The definition of Marinara is now straight-forward enough, simply stating the ingredients, and that Marinara is a PizzaRossa.

(clojure.core/assert
 (with-probe-entities
   [WierdMarinara
    (owl-class "WierdMarinara"
               :super Marinara
               (some hasTopping Mozzarella))]
   (clojure.core/not (coherent?))))

And, so we get to the humourous crux of the story which is, indeed, you cannot have a Marinara with Mozzarella.


The Epistemological Questions

But this leaves us with a number of problems. One of which is that in explaining the joke, we have rather killed it; one sad reality that all ontologists have to face is that it pushes us toward pedantry, making us humourless, crushing bores. A much deeper problem though is that what we have produced is a computational data structure which we have queried and got an answer about that computational data structure. When what we really want to know about is pizza.

How do we know whether what we have modelled is correct. Is this ontology a good ontology, an accurate reflection of reality? And what does this mean anyway? In short, how do we know what we know?

Let’s consider the issue from a set of different perspectives.

The Software Engineer

As a software engineer, I’m rather fond of the ontology that I have produced, and in that sense it is a good ontology. I’ve already said that I quite like the “backward definitions”, and find them quite elegant. The ontology is also symmetrical: PizzaBianca and PizzaRossa are both defined in the same, quite equivalent way.

Now, of course, we might argue that this considerations do not tell us that we have a good ontology. But an elegant and symmetrical axiomatisation is useful; it’s easier to remember, there are no “special cases”, and it is easy to spot outliers. All of these things support maintainability of software in general and specifically in ontologies.

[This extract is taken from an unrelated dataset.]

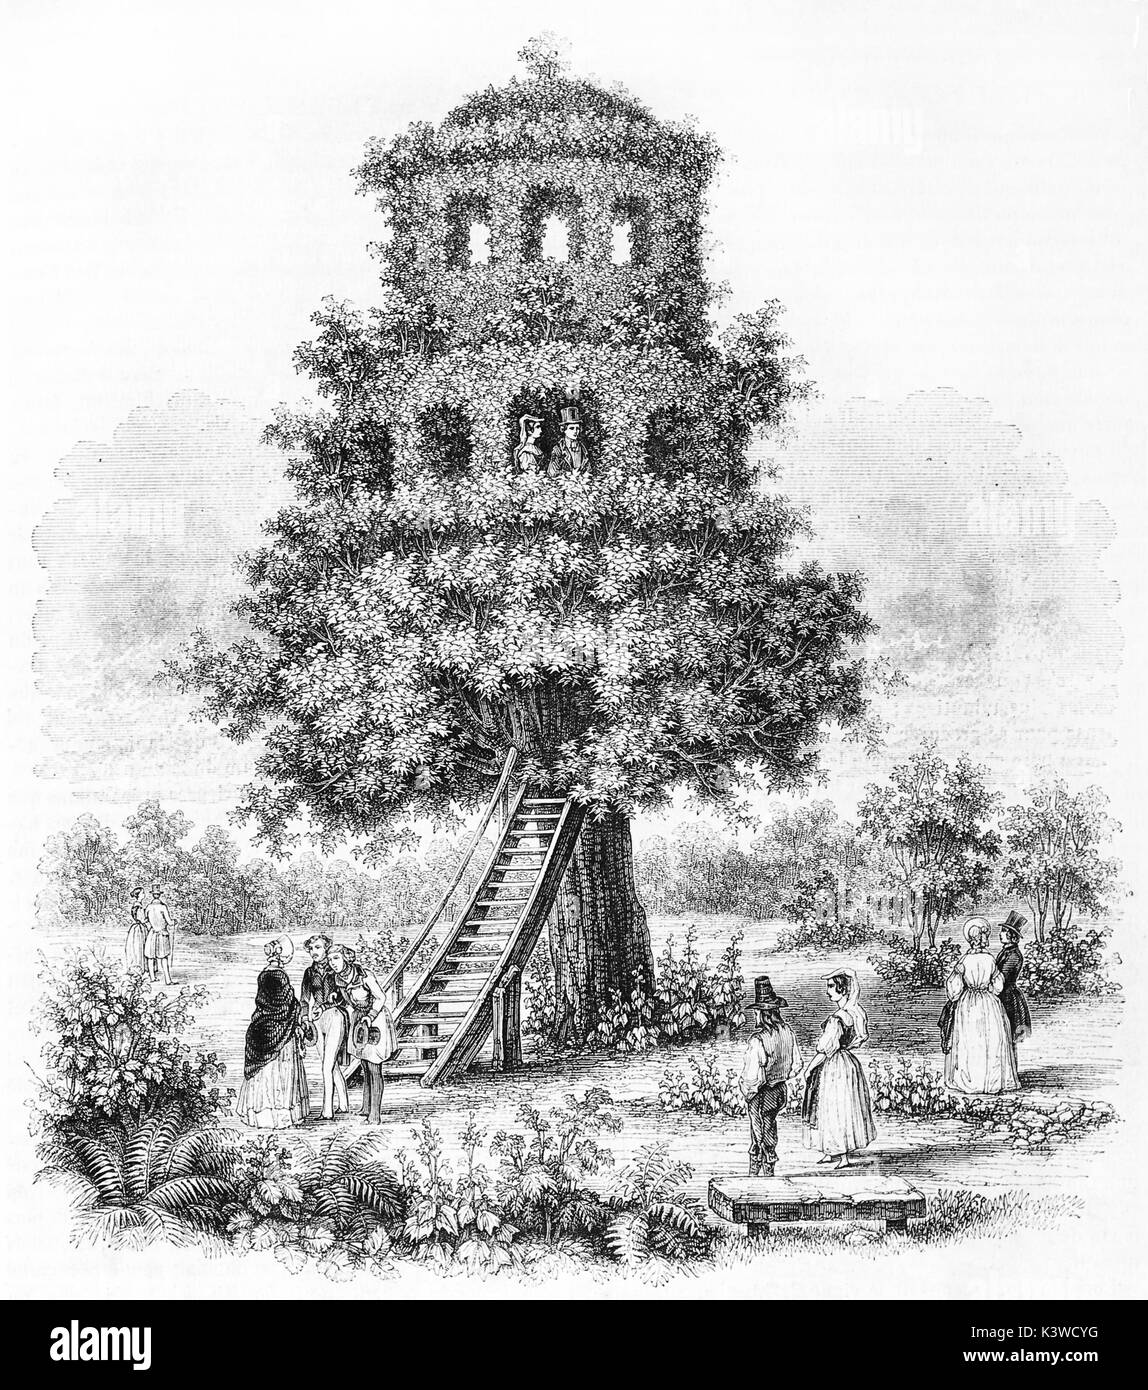 Vieille illustration d'un arbre-Mable house dans Matibò, près de Savigliano en Italie. Par auteur non identifié, publié le Magasin Pittoresque, Paris, 1841 Banque D'Images
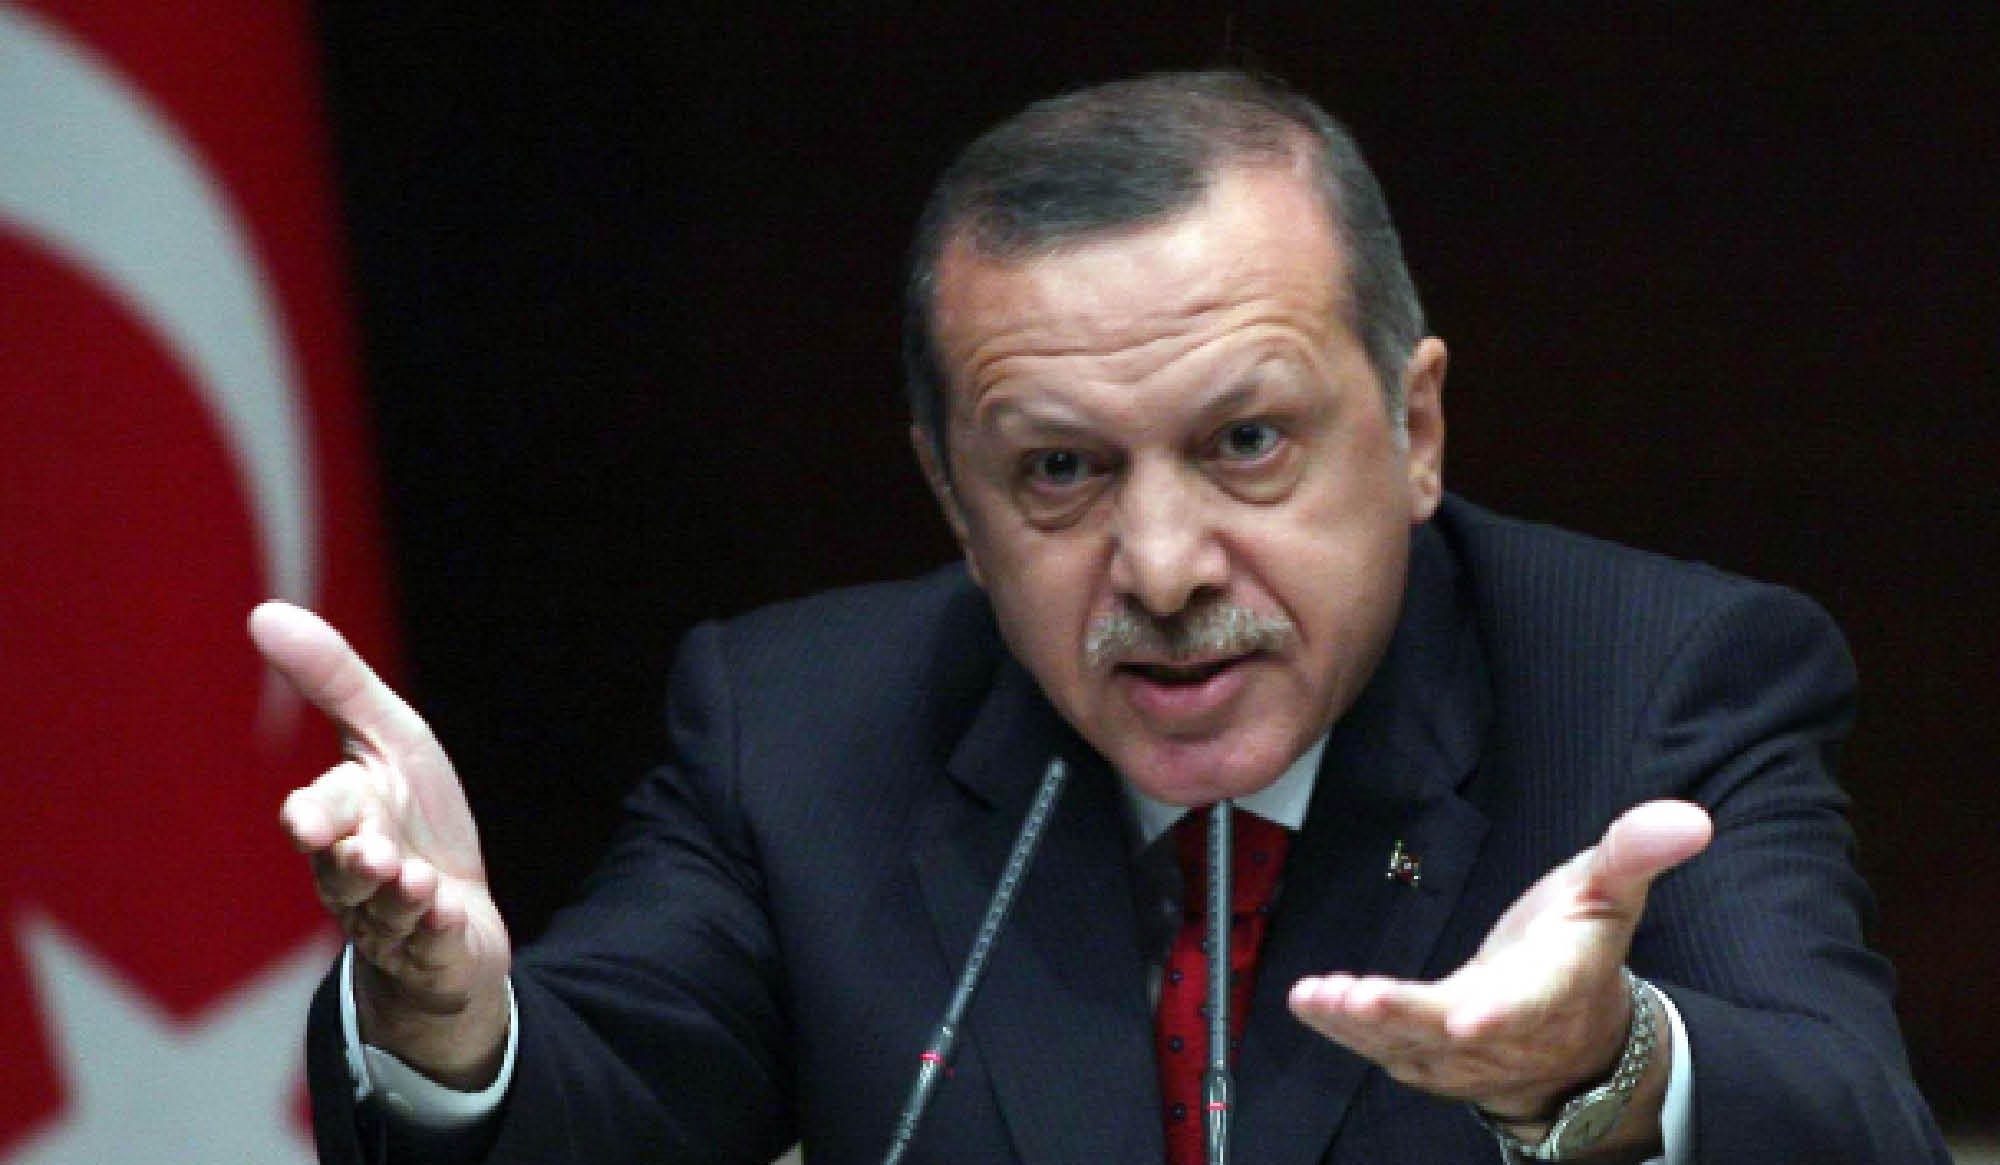   متقمصا شخصية القذافى .. أردوغان للمطالبين باغتياله: “من أنتم؟”

There are some issues with my ontology; we have not, for instance, following Alan Rector’s normalisation pattern (http://ontogenesis.knowledgeblog.org/49); the Margherita is neither white nor red in this schema.

Margherita presents a bigger problem, though, than not being normalised, which is simply that my knowledge of margherita tells me that it is normally considered a pizza rossa, while my ontology say it is not. My ontology is nice, but it is wrong.

The philosophical approach

We could also consider this ontology from a more philosophical point-of-view. Of course, I am perhaps not the ideal person to do this, but I would note that our ontology has a clear, single inheritance hierarchy. Most of our classes have clear differentiatia (I’ve just stopped at the toppings, but you can’t define everything, because that turtles (http://en.wikipedia.org/wiki/Turtles_all_the_way_down)). Even our definition of pizza could fit into a larger hierarchy: pizza without either mozzarella or tomato is either a focaccia or some other type of bread.

After that, I am rather stuck. It is hard to draw many more conclusions about pizza from first principles. From a realist point-of-view, we should model reality and universals, which sounds nice. But how do I determine that what that reality is?

Time to phone a friend.

The Expert Analysis Technique

One standard technique in ontology building is to consult with an expert. Indeed, that is often the main evidence and justification that is used to support an ontology, which is why many ontology papers have more authors than the human genome paper. So, let’s try it in this case. The BBC article quotes from quite a few experts.

“La marinara is a pizza rossa,” she states frostily. “A pizza rossa is made with tomato and without mozzarella. So you can’t have a marinara with mozzarella because there’s no such thing.”

Emanuela
— BBC

My ontology supports this because Marinara is a PizzaRossa so, indeed, cannot have Mozzarella.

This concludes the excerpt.